Retrospective to FMI Open Data

8.2.2017 by r@roopetervo.com

Three years have passed since Finnish Meteorological Institute released it’s open data portal and now it’s good time for a retrospective. When the Open Data Project started, I was just finished my M.Sc thesis (although I had worked full time at FMI several years already) and I was ready to take a serious role in something cool. And serious role I took indeed. In the beginning, I worked in the project as an OGC² and INSPIRE³ specialist but soon I found myself as an overall architect and responsible for the Download Service.

It’s worth noting that this is my personal blog and this text tries to reflect on only my part and my opinions about the Open Data.

FMI’s open data initiative covers a significant amount of often updating data. The service contains weather, marine, air quality and radiation observations, weather and marine forecasts and different kinds of climate data. To browse the whole content of the data one can either access Data Catalog⁴ or Download Service’s stored query listing⁵. Many of the data sets are large (size up to ~30 gigabytes) and almost all of them have an update interval from 1 minute to 6 hours. This combination of large size and high update interval makes the weather data quite unique. FMI Open Data Portal is practically fully INSPIRE compliant with correct services, harmonised data formats and proper catalog.
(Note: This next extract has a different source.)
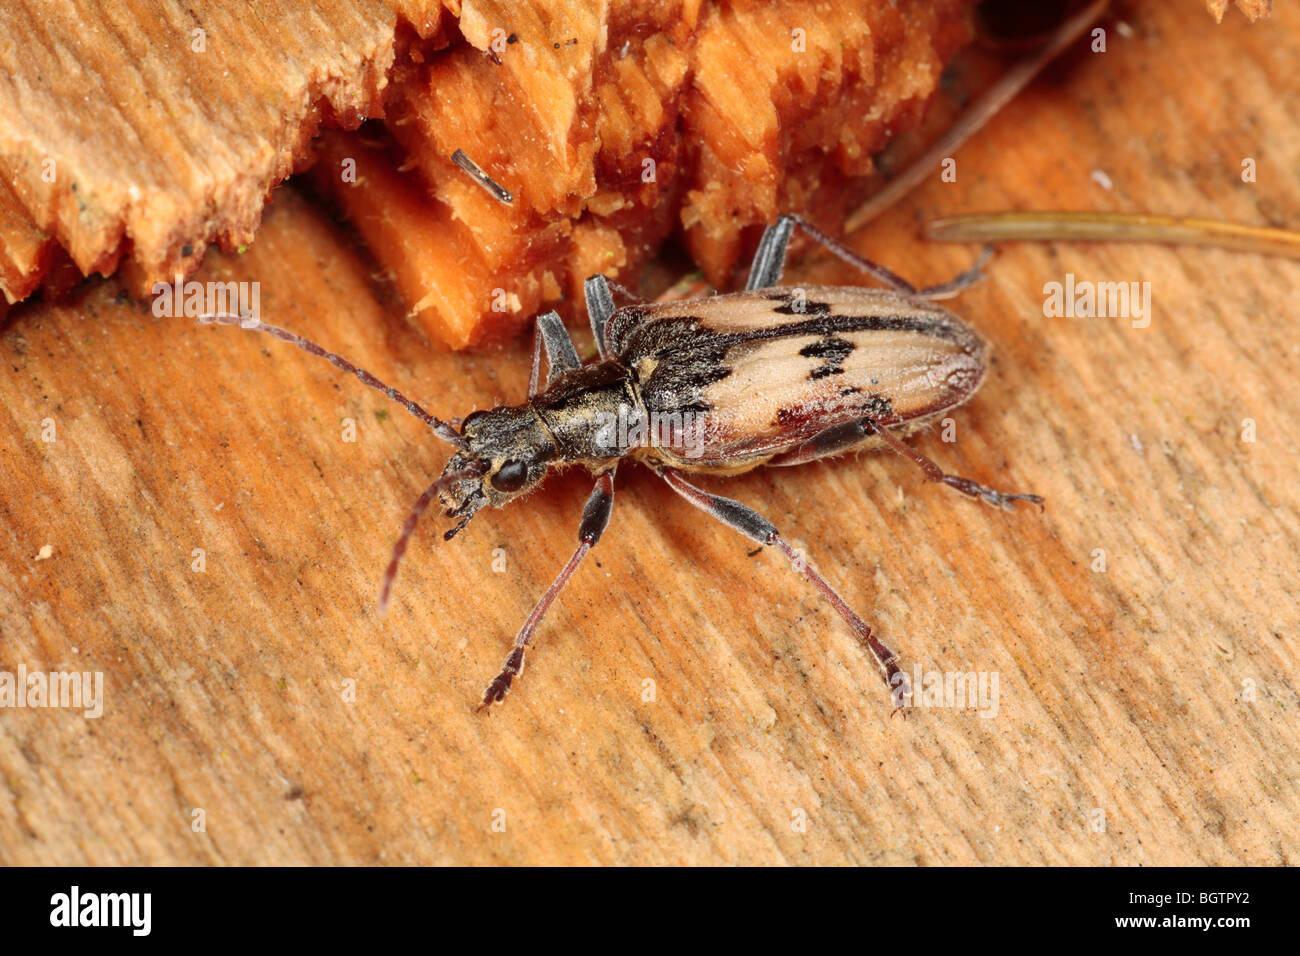 Due fasce di Longhorn beetle (Rhagium bifasciatum) su legno morto. Powys, Galles. Immagini Stock
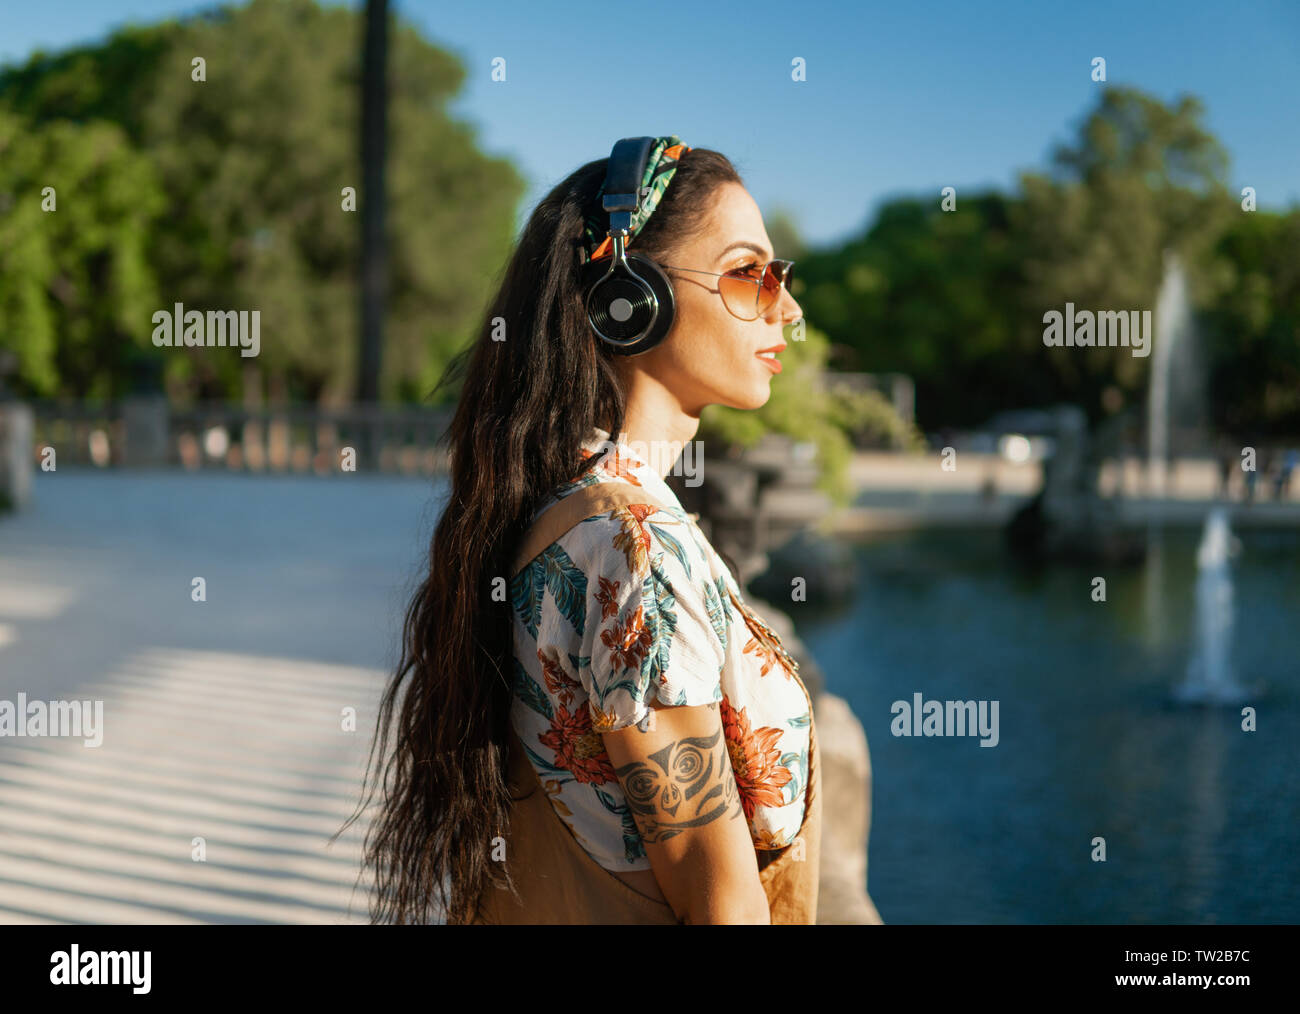 transgender model wearing sunglasses in the green park Stock Photo

INSPIRE directive require every EU state agency to share it’s geospatial data in certain format via certain services but it does not require open data. The simplest way to meet INSPIRE directive is to create a simple RSS-feed with link to downloadable items. More sophisticated services, relying heavily on OGC standards, has to be ready not until 21/10/2020⁶. After deadline, the metadata need to be shared via CSW-interface⁷ in ISO 19115 -format.⁸ The data has to be accessible via View Service, meaning WMS 1.3.0 interface⁹. Download Service has to be established to download the data itself. WFS 2.0¹⁰ is one obvious choice while some others can be also used. The data has to be provided in INSPIRE specific data models (derived from OGC O&M model¹¹) directly from download service or via specific Transformation Service.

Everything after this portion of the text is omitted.